Robust Energy Management System for a Microgrid Based on a Fuzzy Prediction Interval Model

Abstract

Microgrids have emerged as an alternative to alleviate increasing energy demands. However, because microgrids are primarily based on nonconventional energy sources (NCES), there is high uncertainty involved in their operation. The aim of this paper is to formulate a robust energy management system (EMS) for a microgrid that uses model predictive control theory as the mathematical framework. The robust EMS (REMS) is formulated using a fuzzy prediction interval model as the prediction model. This model allows us to represent both nonlinear dynamic behavior and uncertainty in the available energy from NCES. In particular, the uncertainty in wind-based energy sources can be represented. In this way, upper and lower boundaries for the trajectories of the available energy are obtained.
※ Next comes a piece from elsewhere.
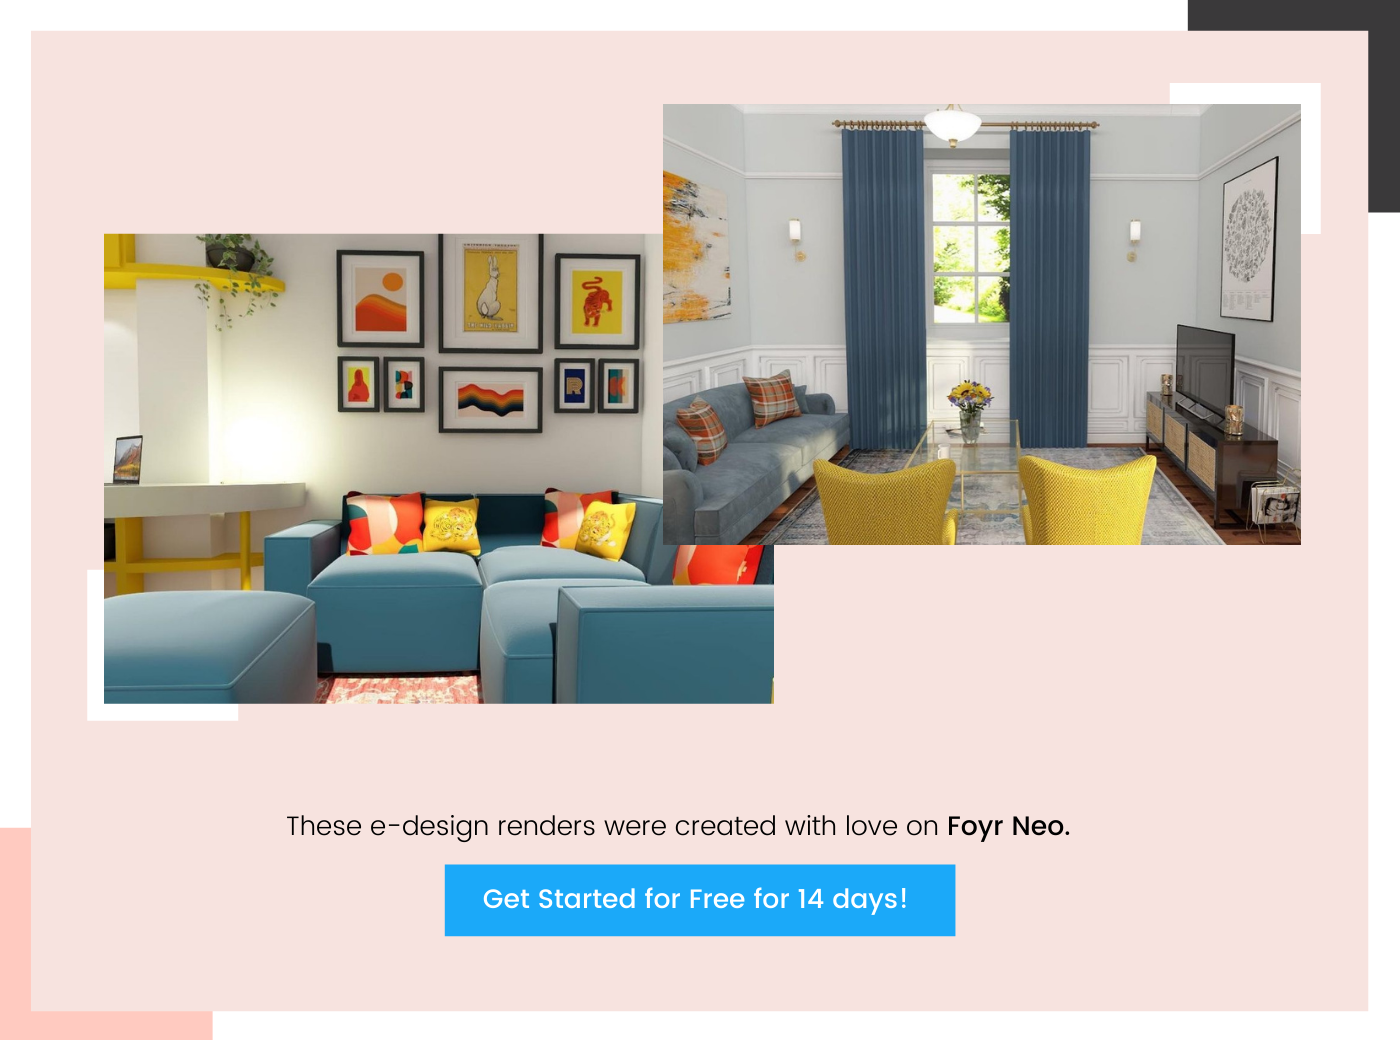 foyr e-design renders 4
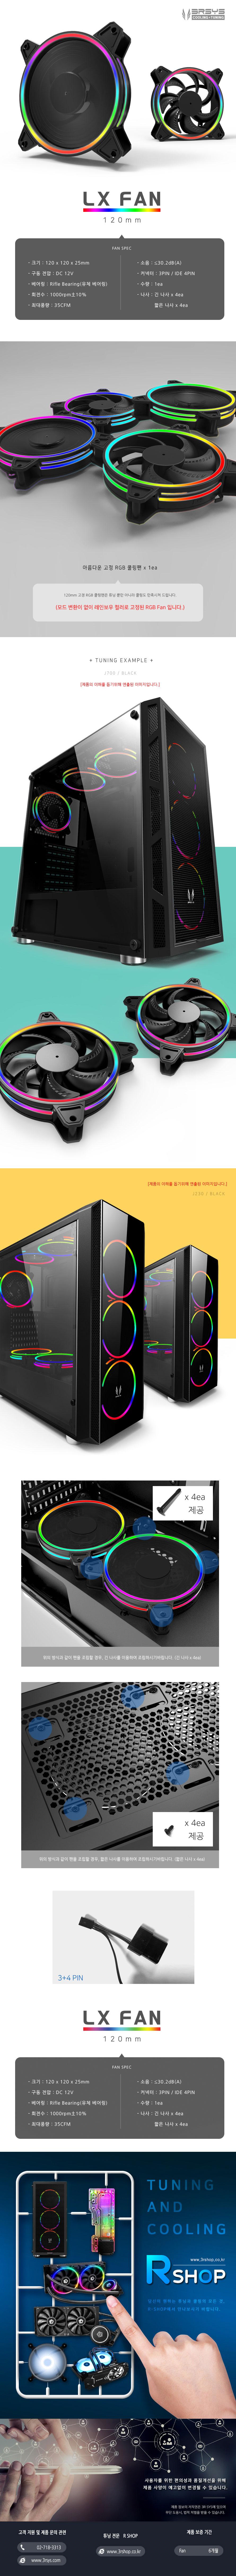 3RSYS  LX FAN RGB

These boundaries are used to derive a robust formulation of the EMS. The microgrid installed in Huatacondo was used as a test bench. The results indicated that, in comparison with a nonrobust approach, the proposed formulation adequately integrated the uncertainty into the EMS, increasing the robustness of the microgrid by using the diesel generator as spinning reserve. However, the operating costs were also slightly increased due to the additional reserves. This achievement indicates that the proposed REMS is an appropriate alternative for improving the robustness, against the wind power variations, in the operation of microgrids.